Efficiency of generating the hash

It is important to note that to generate a hash of m dimensions, usual LSH performs (d+d)*m computations i.e. d products and d sums for each of the m vectors, whereas the fly algorithm performs only 0.1d*m computations, since each neuron is connected to only 0.1d input neurons. The fly algorithm skips the product step since all the weights are 1 and only 0.1d sums are required. Thus, for the same number of hash dimensions the fly algorithm is 20 times faster (2d*m v/s 0.1d*m). For a fair comparison of performance, I followed the procedure from the paper and used the same computational budget for both algorithms. Thus, I set the hash length k of Fly LSH equal to the hash dimensions m of usual LSH.


Implementation and Results

Implementing this in Python was pretty easy. I used MNIST dataset and followed the same procedure as used in the paper. All the input vectors were pre-processed to have zero mean. I used a subset of 10,000 points from the dataset and calculated the average precision of LSH and ‘Fly LSH’ for predicting the nearest 200 vectors for each query vector. This was done for 1000 queries and the mean average precision (mAP) was calculated. Here are the results:

It works as advertised! I got 3~4x higher mAP scores from Fly LSH for the same computational budget.

It is interesting to note that all the three differences from conventional LSH do not contribute equally to the gains in performance. For example, in all cases above, the dimensionality of hashing space m=20*k. So, d(=784) is not less than m (=40~640). Therefore, dimensionality is not so important for performance but the sparsity of vectors and those of activations are very important for good performance. Here, I used the same computational budget for both algorithms to generate hashes and got better performance from the fly algorithm. In the paper they show that if the number of hashing dimensions for both algorithms are kept same, one gets the same performance but the fly algorithm is 20 times faster.

Can we do better?

In the previous graph, the m sparse vectors for taking projections were generated randomly. Could we do better if the vectors were somehow learnt from the data and not just random. The paper hints at this but does not show any results. One possible idea is that if the binary projections were taken along directions which are most relevant to encoding the information from d dimensions to m dimensions, then these more relvant dimensions may provide better hashes. I tested this idea by training an autoencoder and choosing the sparse vectors along dimensions with the most significant weights learnt by the encoder. This tends to improve the performance:

Learning the directions along which to take projections improves the performance of Fly LSH

It is also interesting to visualize the dimensions which the autoencoding fly LSH learnt to be most important as shown below:

For hash length k=32 (a) Directions assigned randomly, and (b) Directions learnt by the autoencoder. Both images are 784x640 matrices.
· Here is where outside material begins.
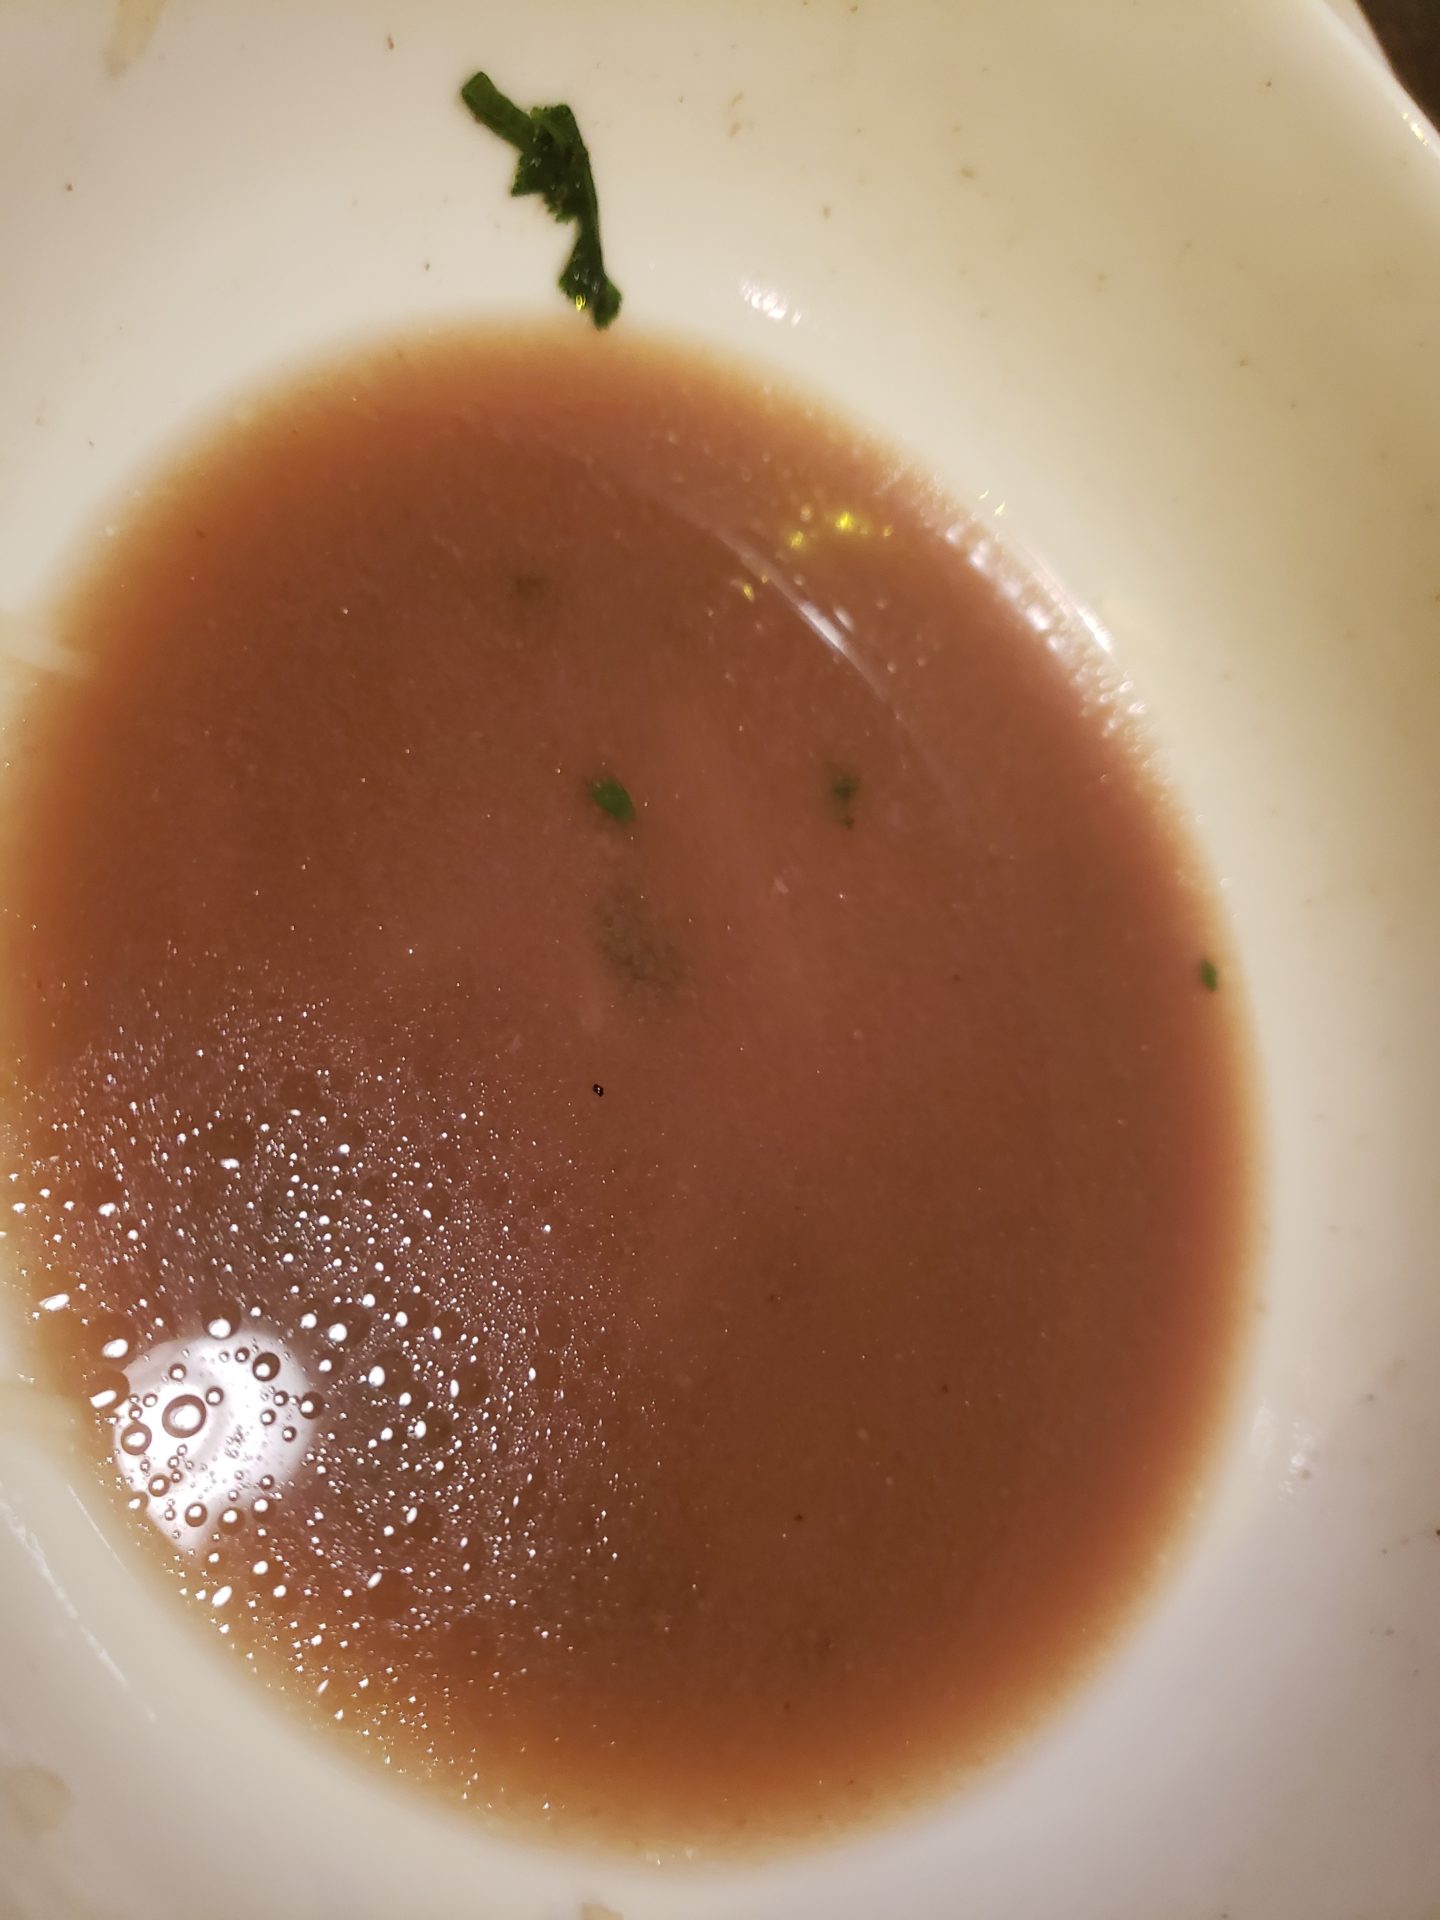 a bowl of brown liquid

In (b) the highest 10% weights along each column were binarized to 1.

The reason for the bands in figure (b) above is related to the nature of the MNIST dataset since the digits occur usually in the middle of the image. Although there is a computational cost to train the autoencoder, it can be well worth the effort if precision is important for our application.

We could take this idea further and encourage the network to learn to encode the inputs in a sparse way i.e. such that most of the weights are zero and most of the heavy lifting for encoding the inputs is performed by a few weights. This is different from a sparse autoencoder, which constrains the activations of the neurons but allows the weights to take any values. Although this approach feels promising, I have not been able to get it to work better than the dense autoencoder as shown below. But this is still a work in progress. I would highly appreciate any suggestions/pull requests on GitHub for ideas which could improve the performance of this new LSH algorithm.

An autoencoder with sparse weights performs slightly worse on MNIST. I appreciate any ideas to improve this.

TL;DR

There is a new algorithm for searching nearest neighbors in high dimensional spaces. It works very well. You should check it out. Code is available on GitHub. Suggestions for improvement are welcome.